I am working with a scheme that seeks an unconstrained local minimizer of some C^2 function f.
The scheme terminates when the necessary first-order optimality condition for the iterate x has been met, up to a prescribed tolerance \epsilon, i.e. ||\nabla f(x) || \leq \epsilon.
Now, my question is about finding a sound way to confirm that the iterate x also satisfies the necessary second-order optimality condition for being a local minimizer of f.
Namely, is there a sensible way to conclude that \nabla^2 f(x) is semi-definite enough, as related to \epsilon?
Below is a control flow sketch (assume hess(x) computes the dense Hessian matrix at x, by forward-mode AD)
function is_second_order_optimal(hess, x, eps)
H = hess(x)
# is it symmetric enough?
norm(H - H')/norm(H) > eps && return false
m = minimum(eigvals(H))
# second-order condition check: (is it pos semi-definite?)
m >= 0 && return true
# The statement under question:
abs(m) >= eps && return true # I pulled out of thin air...
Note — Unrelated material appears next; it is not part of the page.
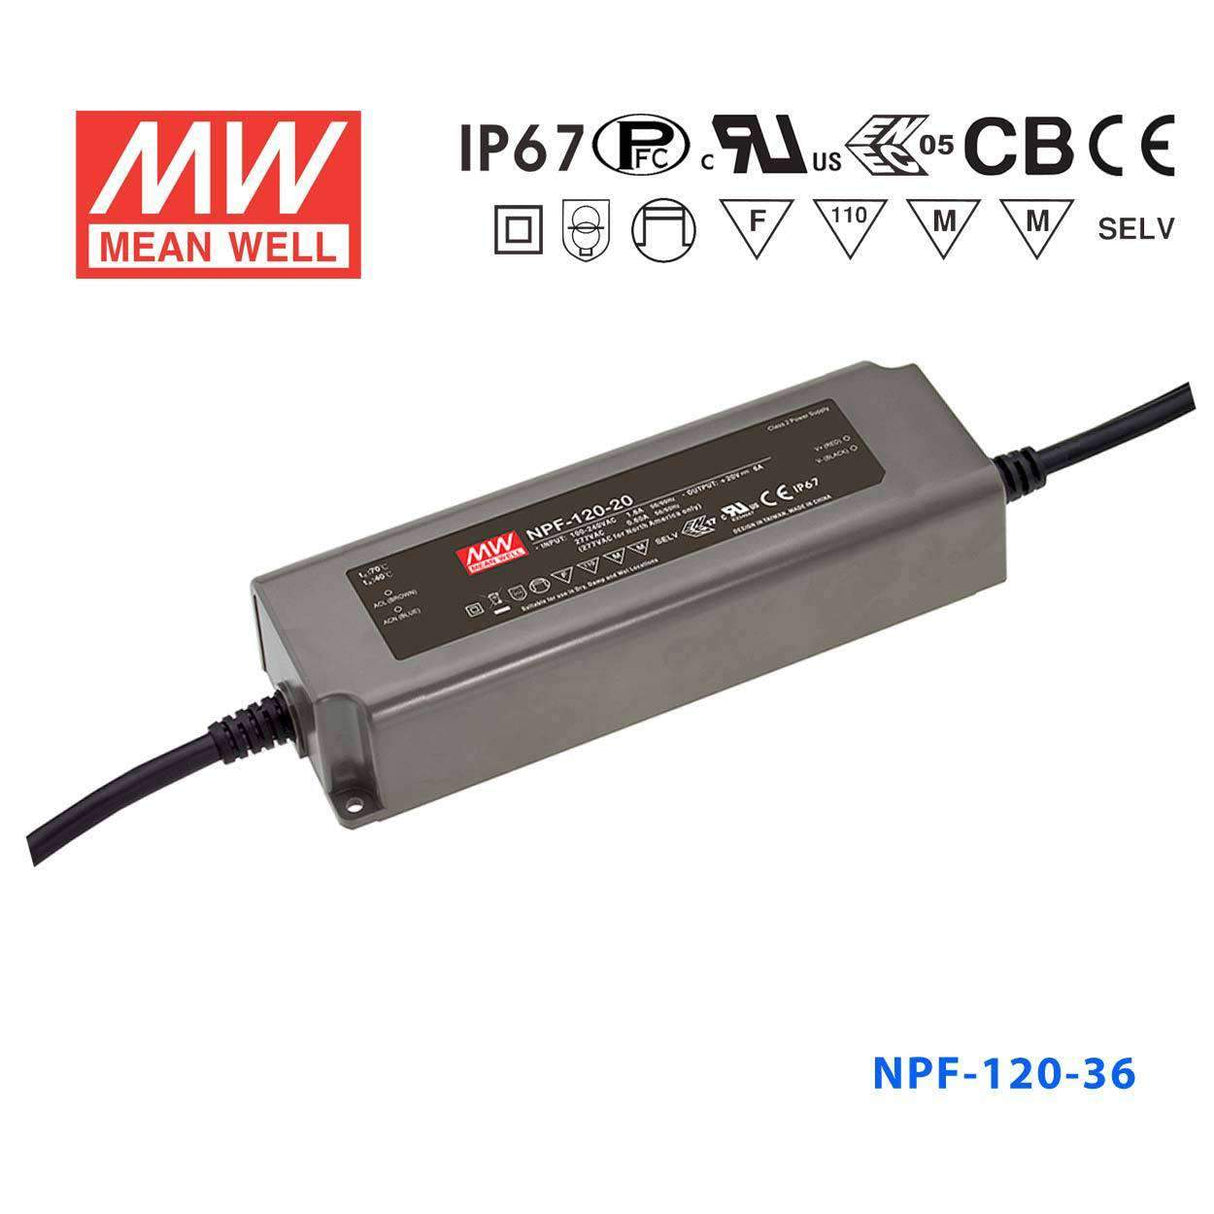 Mean Well NPF-120-36 Power Supply 120W 36V
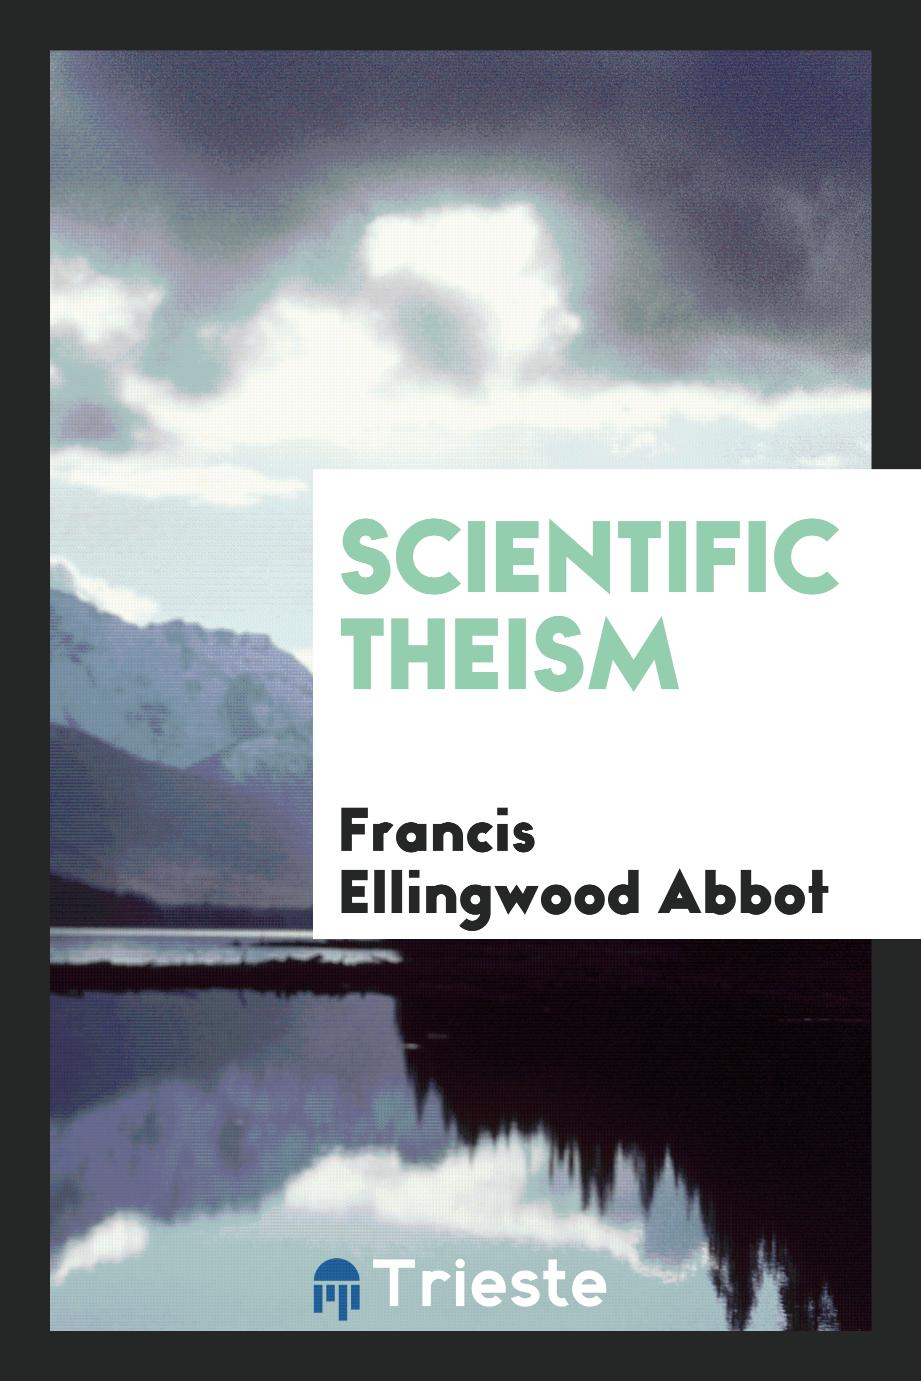 Scientific theism

# ...could see it also depending upon the dim(H) and machine epsilon.
end
I also realize that using AD to compute the Hessian may make this harder.
One possibility to check, and that may occur based on a sparse coupling between variables within constraints, is that the Hessian is diagonally dominant. Then the verification of a semidefinite condition can be done relatively cheaply by comparing the sizes of the matrix elements (compared to eigenvalue computation). There may even be scope to re-use calculation when checking symmetry of the matrix.
A quick comment based on Karush–Kuhn–Tucker conditions - Wikipedia
The sufficient second-order condition states that the Hessian should be SPD on the nullspace of the Jacobian of the active constraints. That is, it is a weaker condition than SPD in the whole space.